An interesting read. The book attempts to shed light on the social disconnection of the modern American.
At times it seems as if the authors will use anything (Netflix questionnaires?) to prove their point of view, yet most of their cites are concrete.
What bothered me most of all was the insistence that one cannot live a fulfilled life without the varied connections the authors seem to believe we need. I'm not saying we should all be our own islands of existence, but I don't think it is a dangerous trend the way the book paints it to be.
Super readable. Easy to quote from. Enjoyable to read cover-to-cover (which I so rarely get to do when sermon writing). Relevant, very current (2009), Beacon Press. In several places, quietly affirms the value and importance of welcoming, open-minded, enduring religious communities. Gave me some great analysis to mull over about Facebook, online dating, all the current forms of connecting online, what they add to our lives and what they're missing.

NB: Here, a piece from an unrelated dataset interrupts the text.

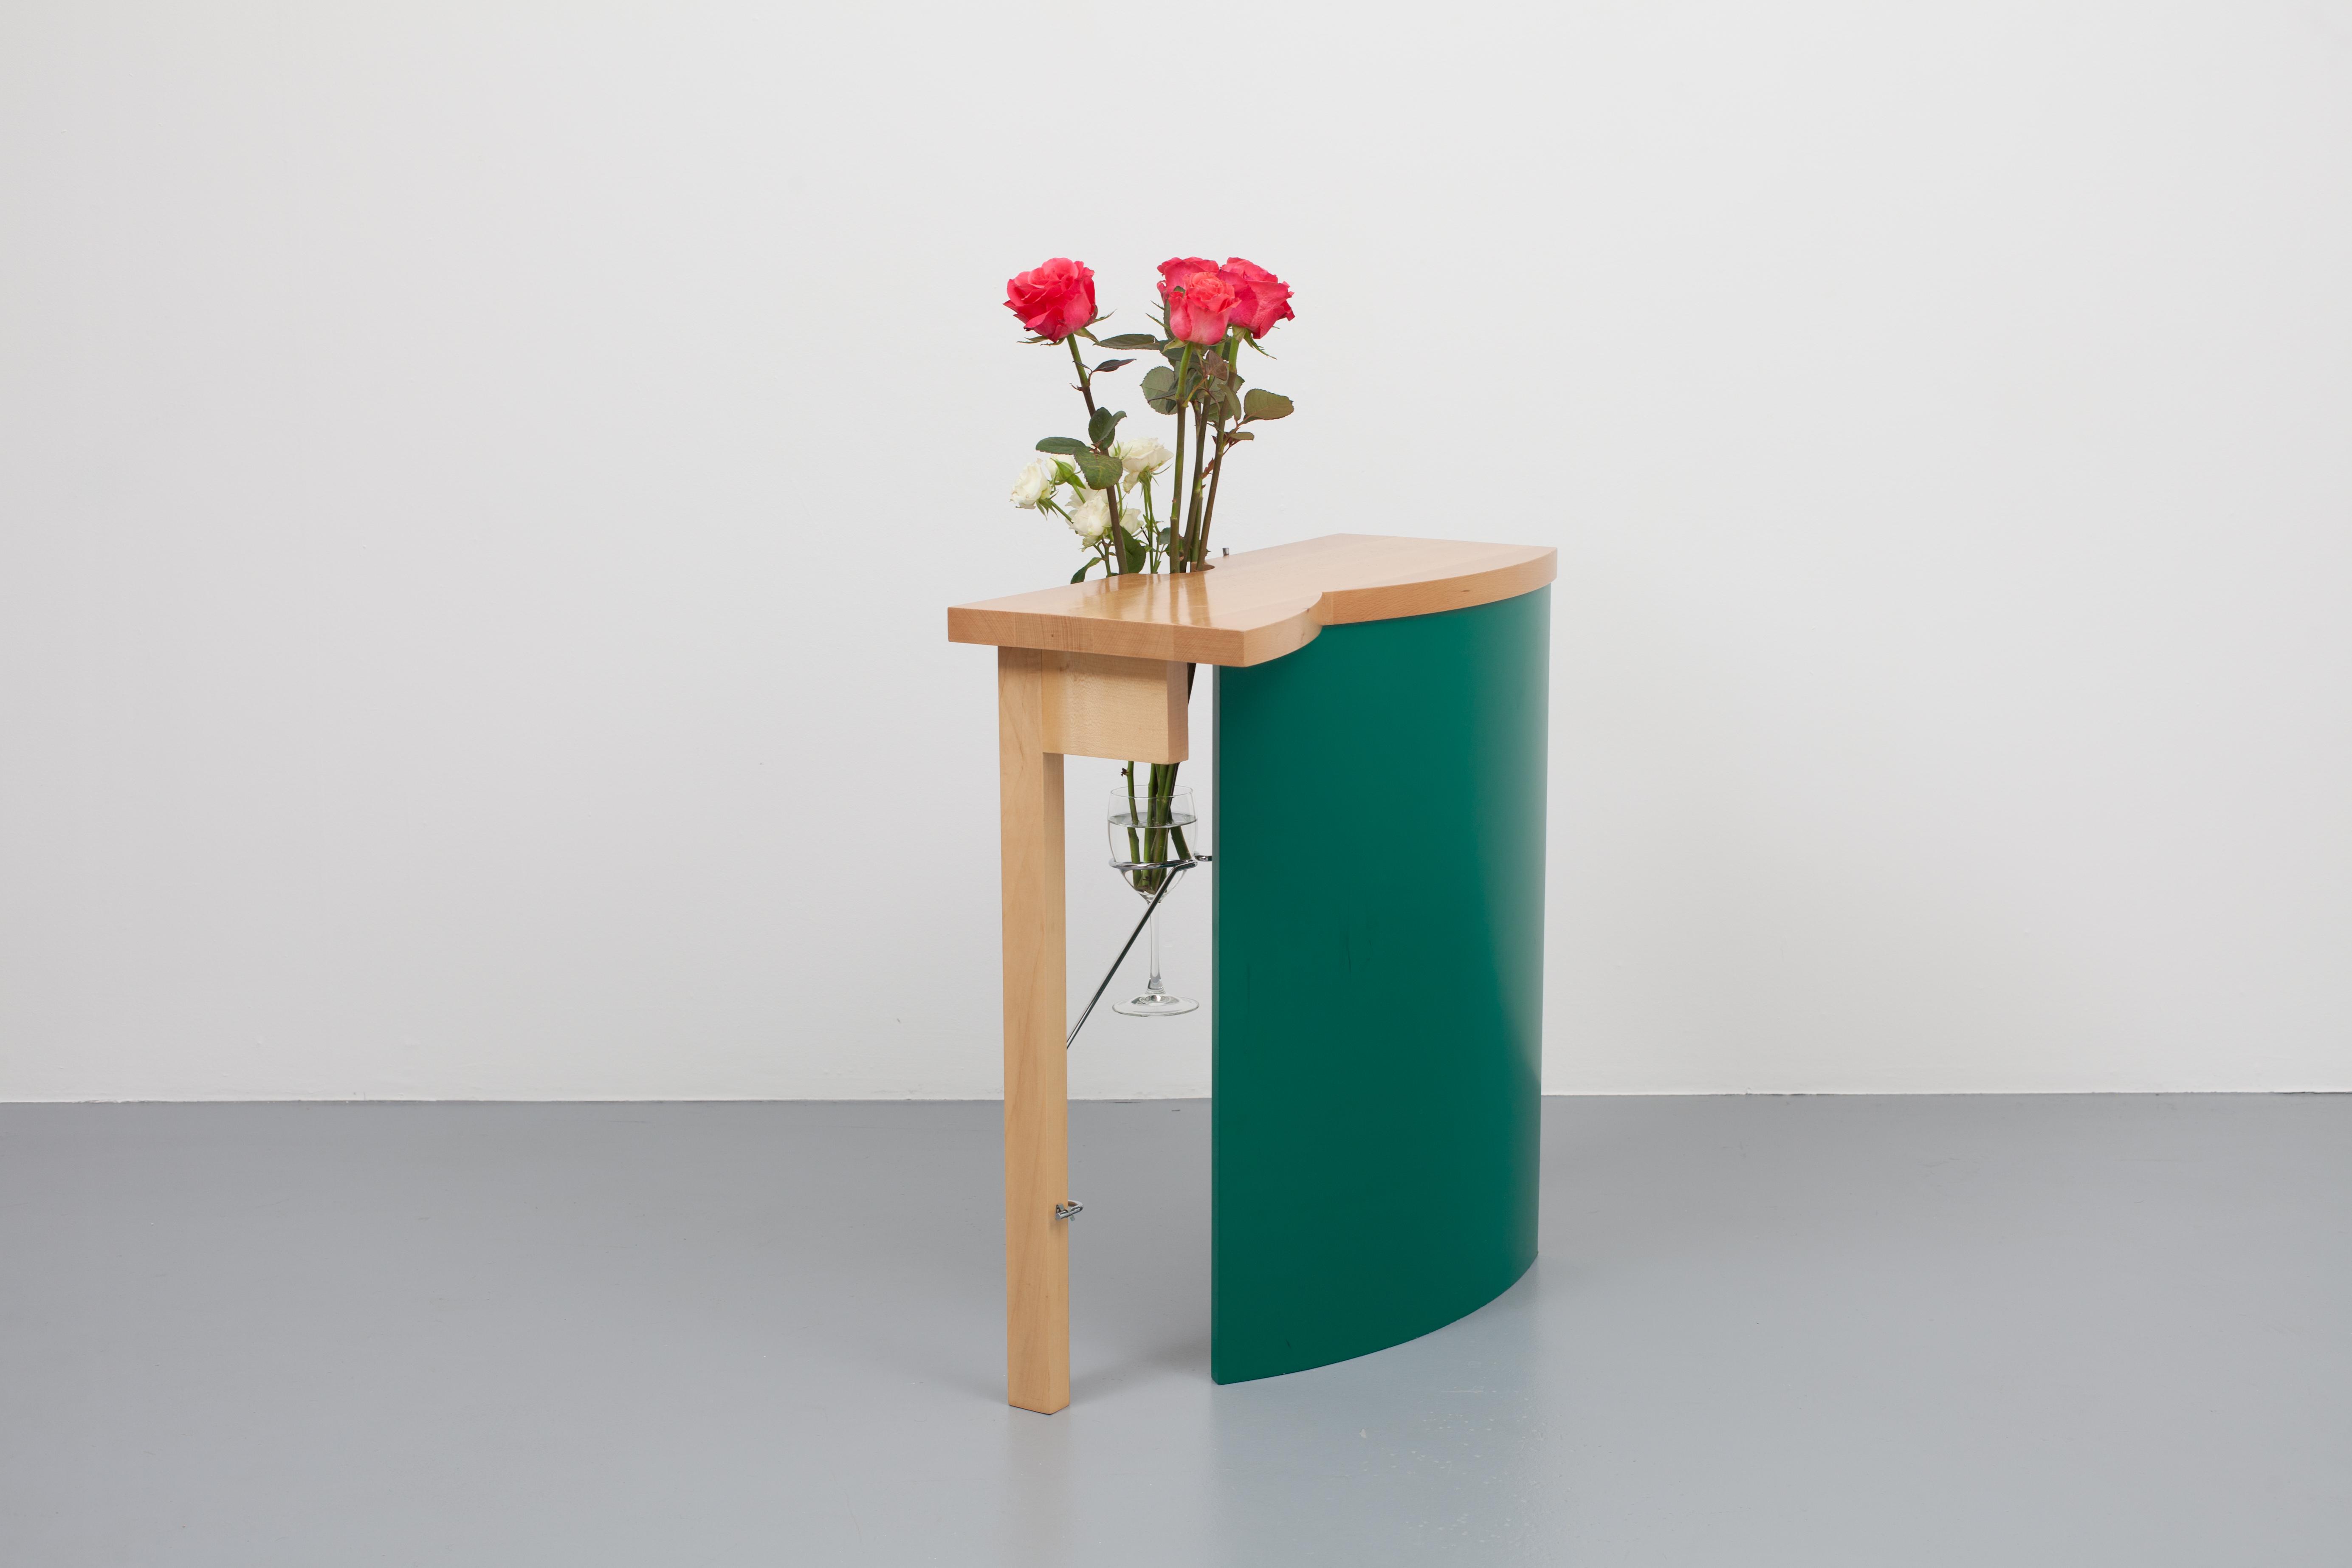 http://a1043.com/wp-content/uploads/Daniel-Weil-Table-Vase_003.jpg
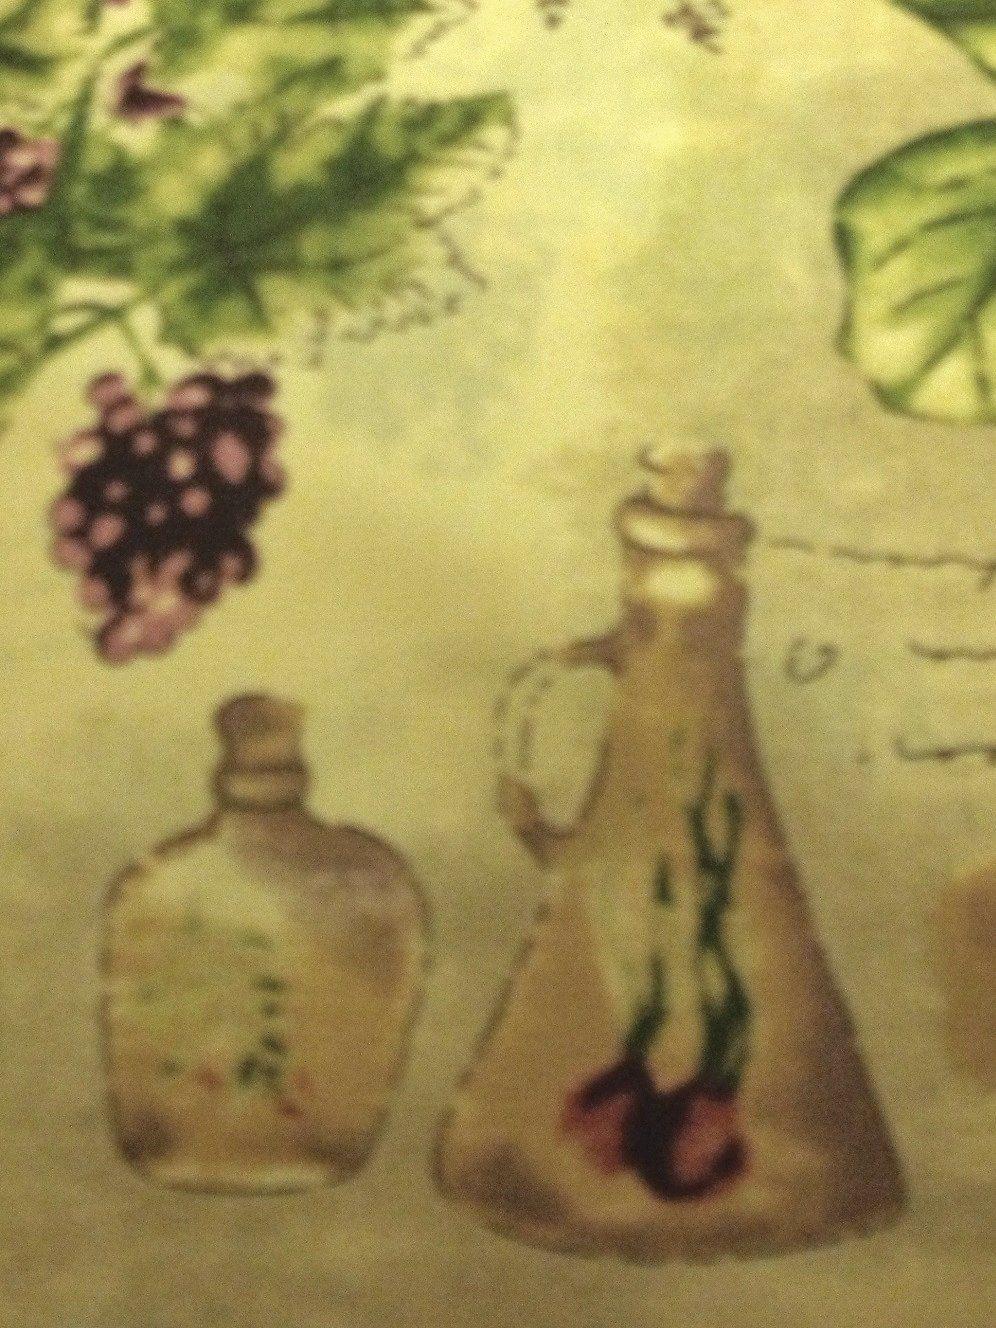 Superb Sorrento+Tuscan+Grapes+Oli Ves+Round+Tablecloth $26.95

This book is about being lonely in life in the 21st century. We devote more time to technology to stay connected than any society in history, yet studies show that we feel alone anyway. People are way too busy now and have forgotten how to belong. They do not know their neighbors and do not make any real life in person friends. I find that so sad. I am glad for the people I have in my life.
This is a wise and thoughtful book about subtle changes in our lives and our communities that I had felt but not been able to identify. (Awareness of how we have stepped back from people is a key step.) The authors discuss how our culture's appreciation of solitude and independence has created various complicated problems, including but not limited to loneliness. Also very well written!
A good follow-up for anyone who enjoyed "Bowling Alone." Written in 2008, this book looks at the sociological, psychological, and physiological effects of loneliness. As the share of single-person households in the U.S. climbs, these issues have greater importance than ever. Great quick read with a mix of engaging anecdotes and acadmic data.
I really liked this indepth look at how many factors in modern America have contributed to a rise in loneliness. It definitely made me think about why I sleep with a cell phone on my nightstand and encouraged me to pick up the phone instead of sending an email.
Such an amazing read!!! This book gives you so much to think about our society and culture, as well as our own day-to-day actions. I would recommend this to everybody who has a very busy lifestyle, as well as to everybody who has withdrawn from that life and is now feeling left out. So good!